For better or worse, I also tend to separate emotional elements in my analysis because I recognize how emotion colors arguments and perceptions. I started discussing that in my blog post about white hat thinking.

As an educator, my deformation professionnelle leads me to think no two people learn the same way, so I try to offer as many different approaches as I can think of to convey information and encourage students to learn for themselves. I have also found that students are more interested in controversy and tension than in rote facts. They don’t like being told what to think. But of course some approaches don’t work for some students, and a lot of students don’t want to learn (or think) for themselves. (I can also see from the statistics that my “controversial” blog posts generate far more views than the “tame” ones. I don’t write click bait on this blog, but there may be a time and a place for that.)

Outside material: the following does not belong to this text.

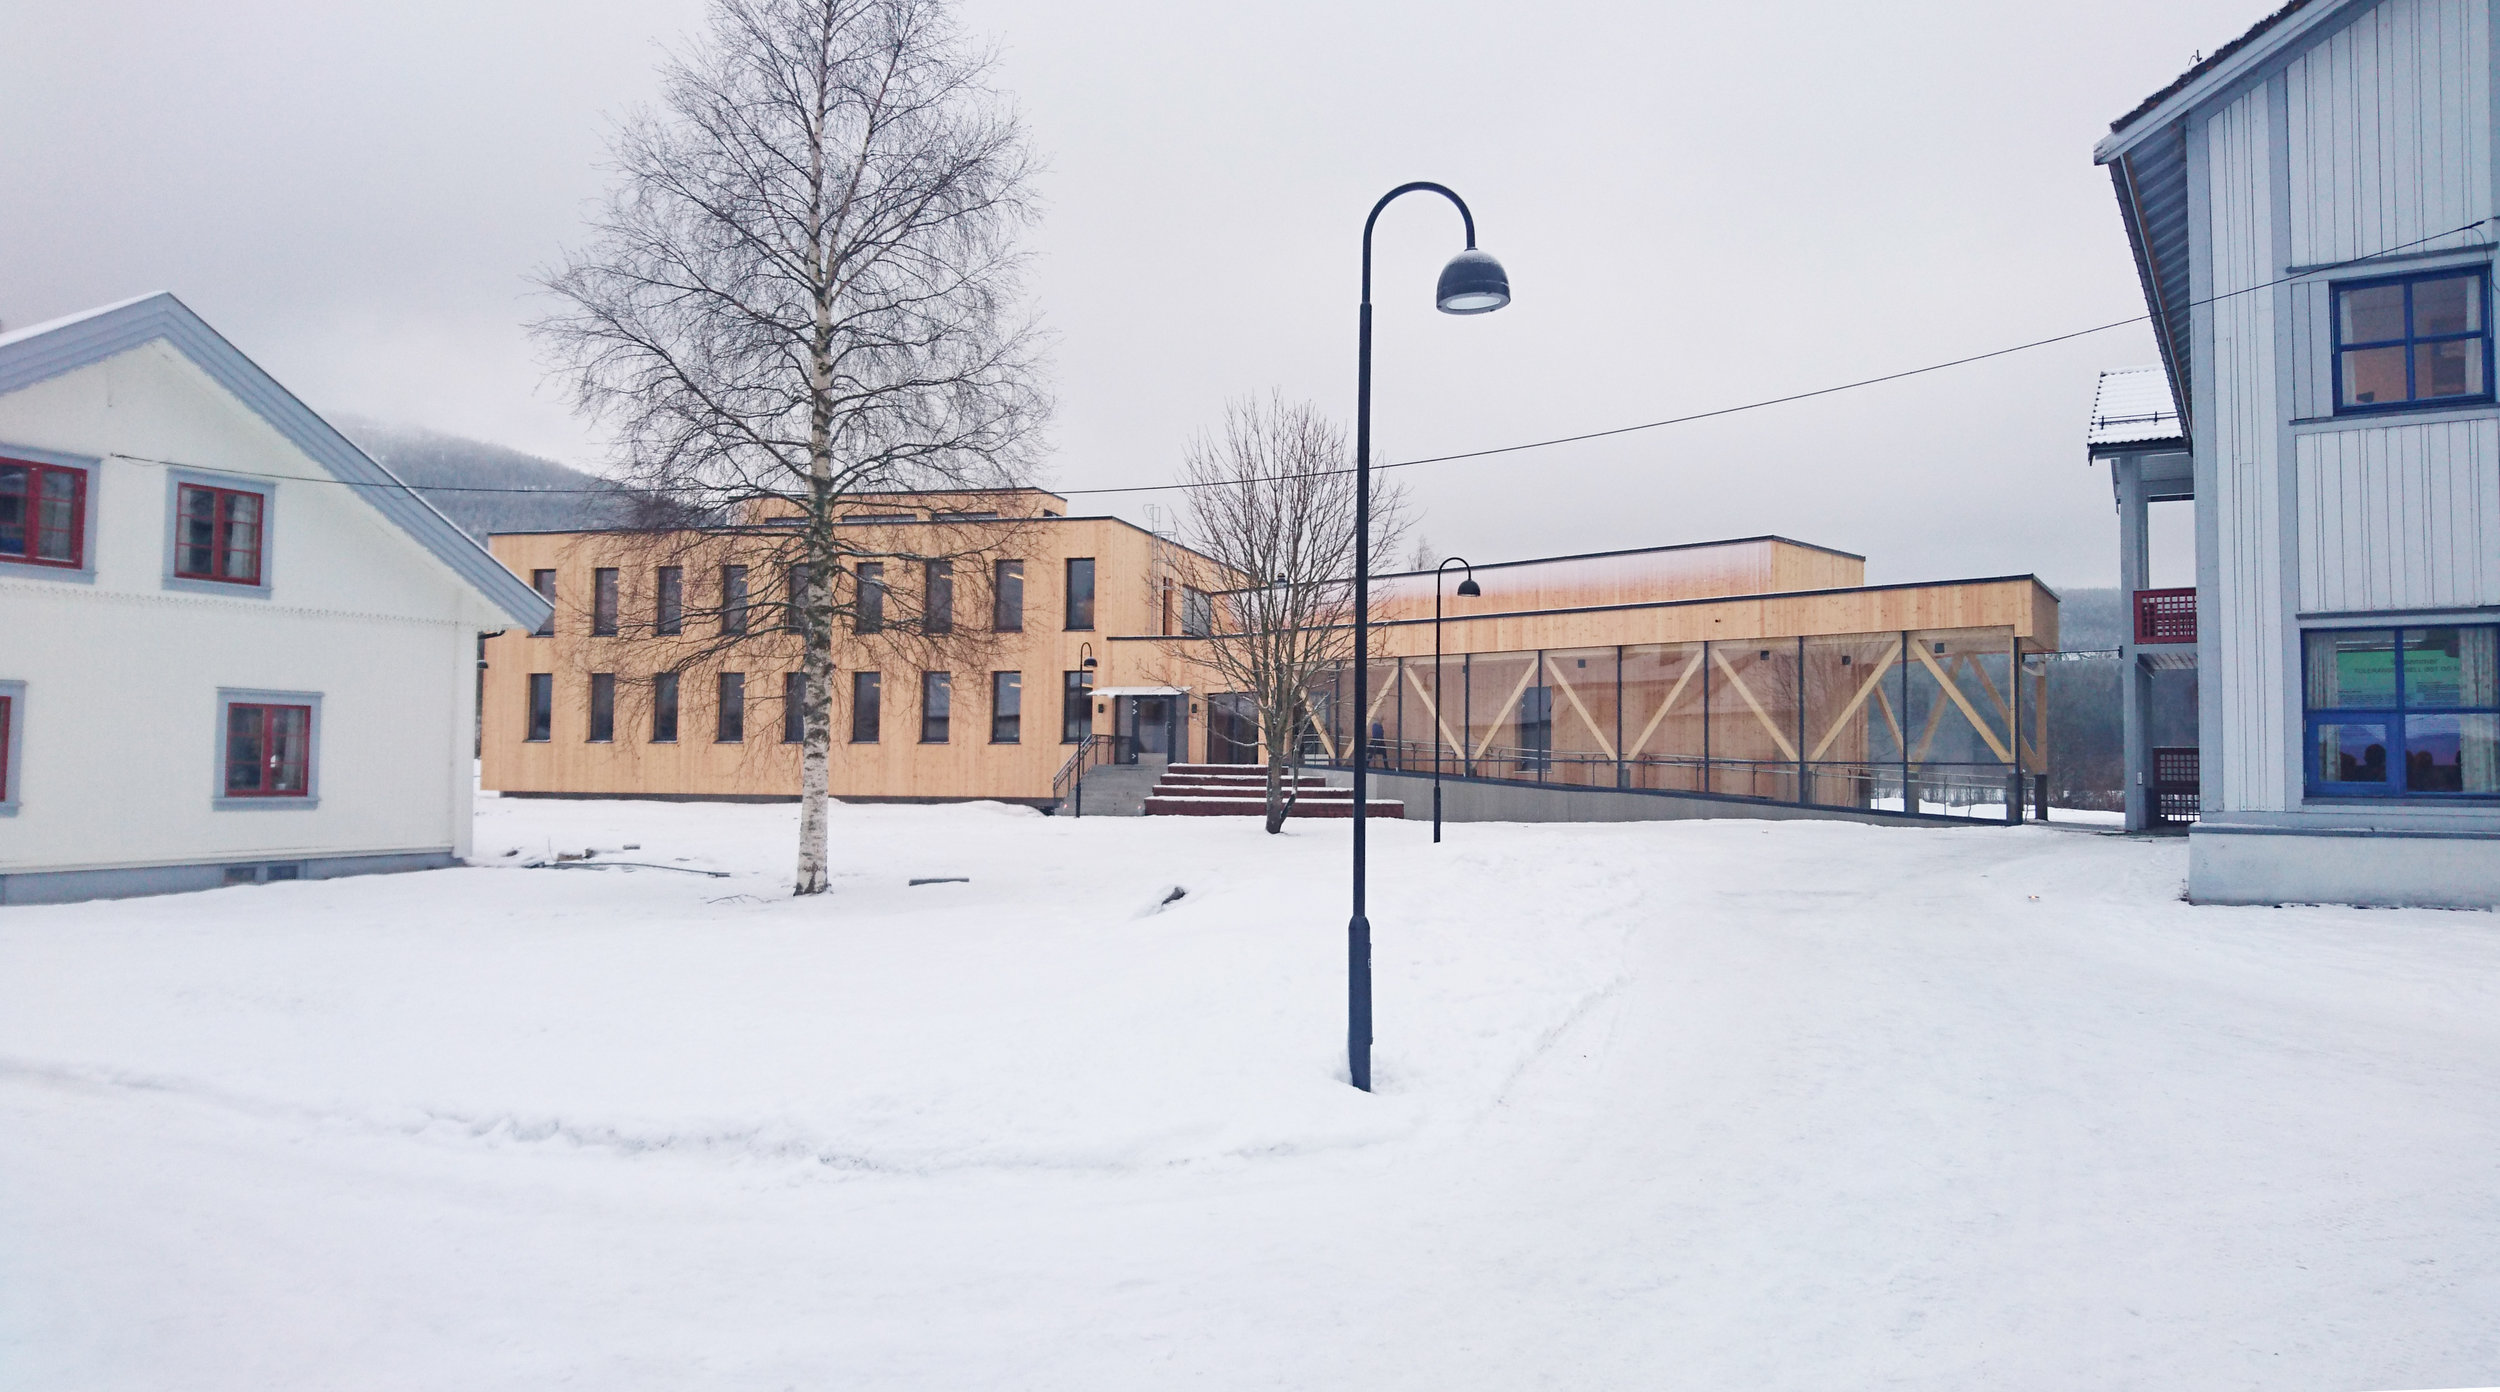 Evenstad Skole

As a business guy, I think common sense is more effective than rhetorical flourishes and semantic gymnastics. My deformation professionnelle biases me toward thinking that institutions and organizations tend to acquire and defend Groupthink. Preservation of and loyalty to the organization become high priorities, and an element of tribalism seems to materialize as soon as one joins “the team.” Consequently, disruptive technology (and ideas) are important for progress and improvement–and especially for the pursuit of truth. Organizations that respond effectively to disruptive technology succeed; those that don’t, fail.

And as an author, my deformation professionnelle exaggerates the impact of the written word. In reality, no one has the time or inclination to read yet another new book. But I also recognize there are decades of publications that express what I consider to be an erroneous ideology, so I indulge my deformation professionnelle and keep writing on this topic anyway.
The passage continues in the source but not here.